Department of Natural Resource figures show that past commercial yellow perch efforts garnered 80 percent of the catch. Now, it should work close to a 50-50 allocation. You can take yellow perch year-round, with closed areas being the Magothy, Nanticoke, Patapsco, Severn, South and West rivers.

The only substantive change, if you can call a half-inch a substantive change, is that the proposed recreational size limit of 8 1/2 inches was pushed back up to the former minimum size of 9 inches. Also, the barbless hook requirement is gone. The creel limit of five per day stays.

Two streams — McIntosh Run off Breton Bay (St. Mary’s County) and Northeast Creek off Northeast River (Cecil County) — are closed to all fishing and designated as restoration creeks. These new regulations just became effective Jan. 28.

» The spring trophy season for stripers is set similar to last season.
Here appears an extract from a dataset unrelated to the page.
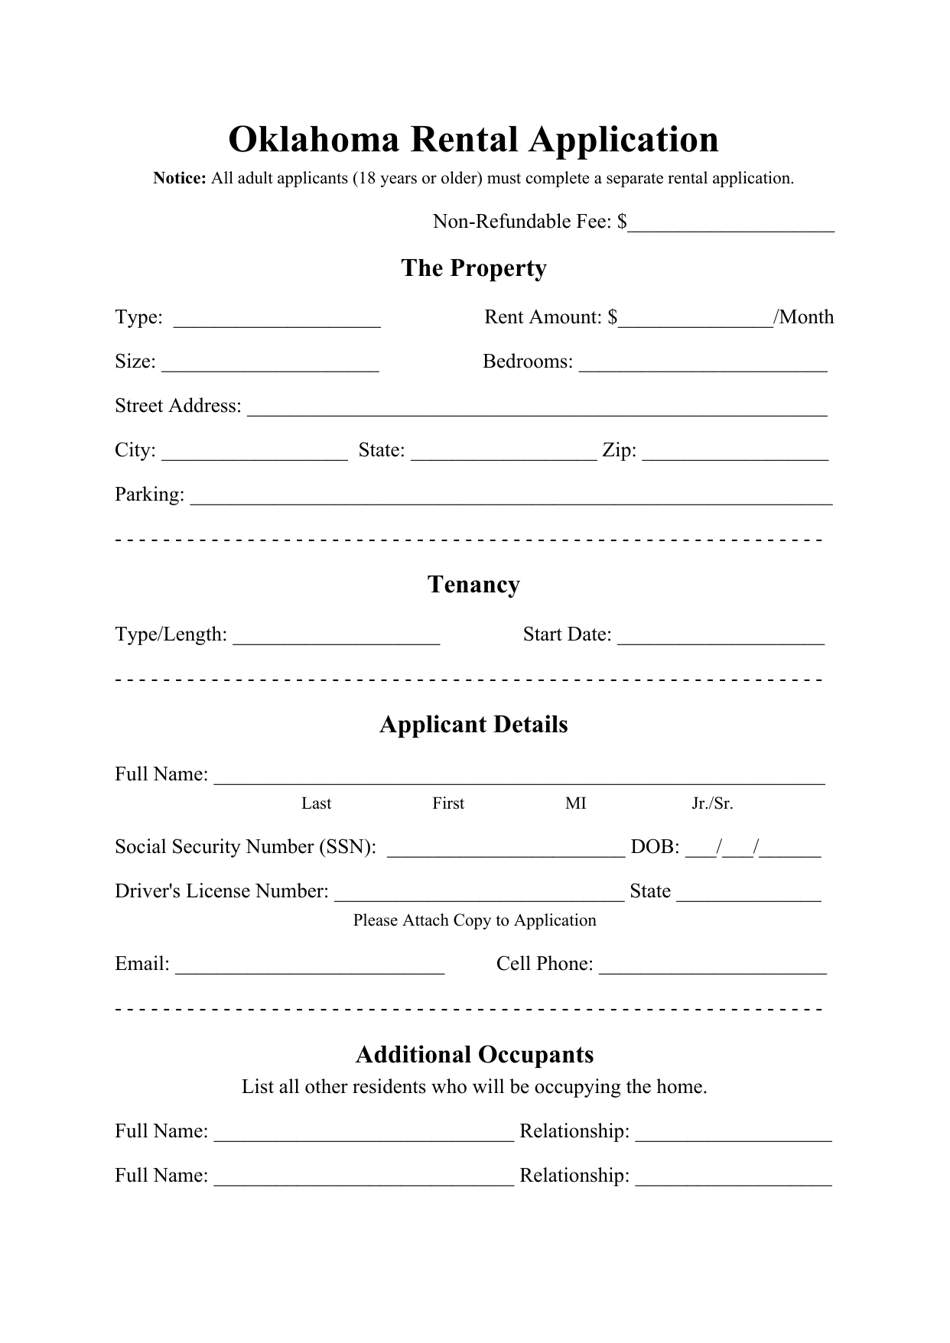 oklahoma rental application form download printable pdf templateroller

It begins April 19 and runs through May 13 with a limit of one striped bass per day of 28 inches or larger.

The following Bay-wide season (excepting bays, coves and tributaries) begins May 16 and runs through May 31. The summer/fall striper season allowing fishing in the whole bay and tributaries runs from June 1 through Dec. 15. Both seasons allow creel limits of two fish, 18 to 28 inches or one of that size and one larger.

» The catch-and-release season on the Susquehanna Flats continues this year as in the past, from March 1 through May 3. A newly proposed catch-and-keep season for the Flats is swimming its way through the approval process, which — if passed — will allow taking one striper per day with a slot limit of 18 to 26 inches during a short season of May 16 through May 31. Passage is expected and should come by Feb. 25.

» Right now you can’t catch or target stripers, but you can still eat them, even if the freezer is as bare as Mother Hubbard’s cupboard. The Department of Agriculture is promoting their two-month-long rockfish buy-it-and-cook-it or eat-at a-restaurant deal, since this is the height of the Maryland commercial season. At $15.49 per pound at my local Safeway, you’ll also better appreciate catching and keeping a few once the right seasons roll around.

» Early spring trout stocking is in full swing, with the totals this year to be higher than last, despite the whirling disease debacle that last season occurred in state hatcheries. More than 337,000 trout will be stocked through 2008. An additional 15,000 trout from 1 1/2 to 2 pounds also will be stocked, courtesy of the Conservation Fund’s Freshwater Institute. Those are nice fish — 15 to 18 inches in length.

In addition to state hatcheries, private vendors will be making up some of the shortfall. For stocking updates, call 1-800-688-3467 or pick up a stocking schedule from local tackle shops and DNR service centers.